Como lidar com pacientes com transtornos mentais?

Mesmo sabendo que pessoas com transtornos mentais cronificados precisam de um suporte especializado, é muito comum o sentimento de culpa nos familiares.

Todos conhecem alguém que já passou por uma internação em um hospital tradicional. Seja por uma intoxicação alimentar, uma crise de pressão alta ou mesmo uma doença mais severa, o fato é que a internação é um procedimento comum e muito importante para salvar vidas.

No entanto, quando o tema é saúde mental, o debate é muito mais complexo pelo tabu que ainda existe na sociedade, trazendo o sentimento de vergonha e culpa ao paciente e familiares.

Segundo o Ministério da Saúde, cerca de 3% da população brasileira apresenta transtornos mentais severos e persistentes.

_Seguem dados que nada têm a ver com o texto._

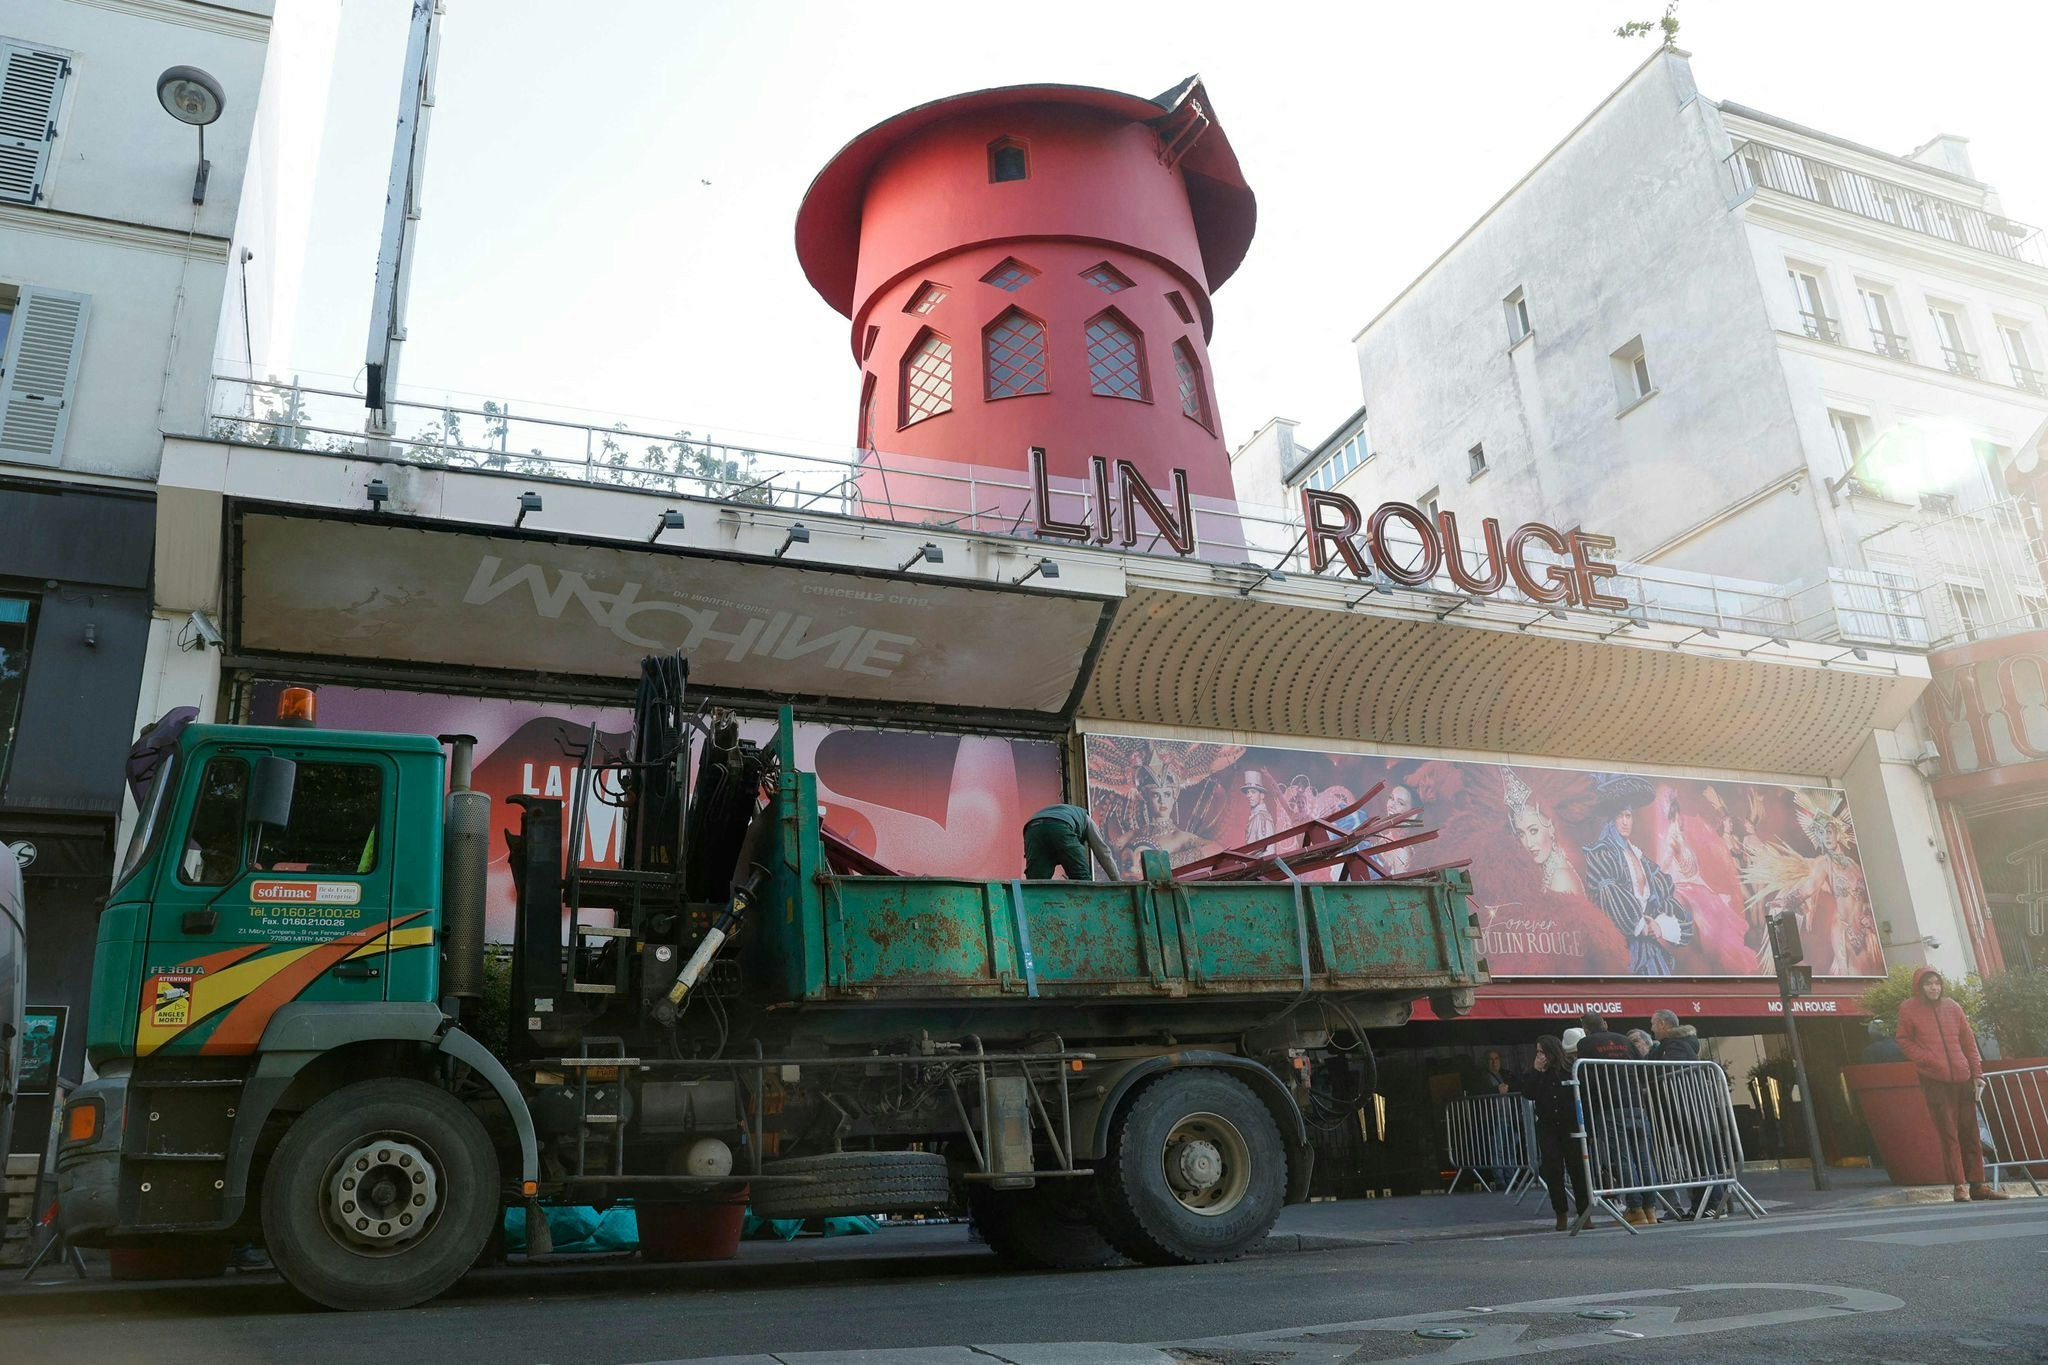 notfälle: mühlrad des pariser cabarets moulin rouge stürzt ab

Assim como em qualquer condição médica grave, pessoas com esquizofrenia, depressão, transtorno bipolar ou dependência química podem se beneficiar muito de uma internação, mas os tabus envolvidos no tema impedem que muitos pacientes e seus familiares busquem o serviço.

“O preconceito e o estigma ainda transitam como se a internação funcionasse como castigo e punição para o indivíduo que é acometido por um transtorno mental com surtos graves e agudos e em sofrimento intenso.”, explica Isabel Castelo Branco, Acompanhante Terapêutica e Coordenadora da Residência Terapêutica da Holiste Psiquiatria.

O que são pacientes psiquiátricos crônicos?

A especialista ensina que quando falamos sobre cronicidade de sintomas, estamos nos referindo a evolução de um quadro psíquico que, mesmo após várias internações, diferentes abordagens terapêuticas e medicamentosas, um ou mais sintomas persistem de modo incapacitante, impedindo o paciente de desenvolver atividades laborais, acadêmicas ou socioculturais.

“Isso faz com que haja um impacto muito grande na forma como esse paciente lida com suas questões, com a vida e na relação que vai estabelecer com o mundo. O paciente começa apresentar muita dificuldade na relação social, autonomia e suas atividades de vida diária.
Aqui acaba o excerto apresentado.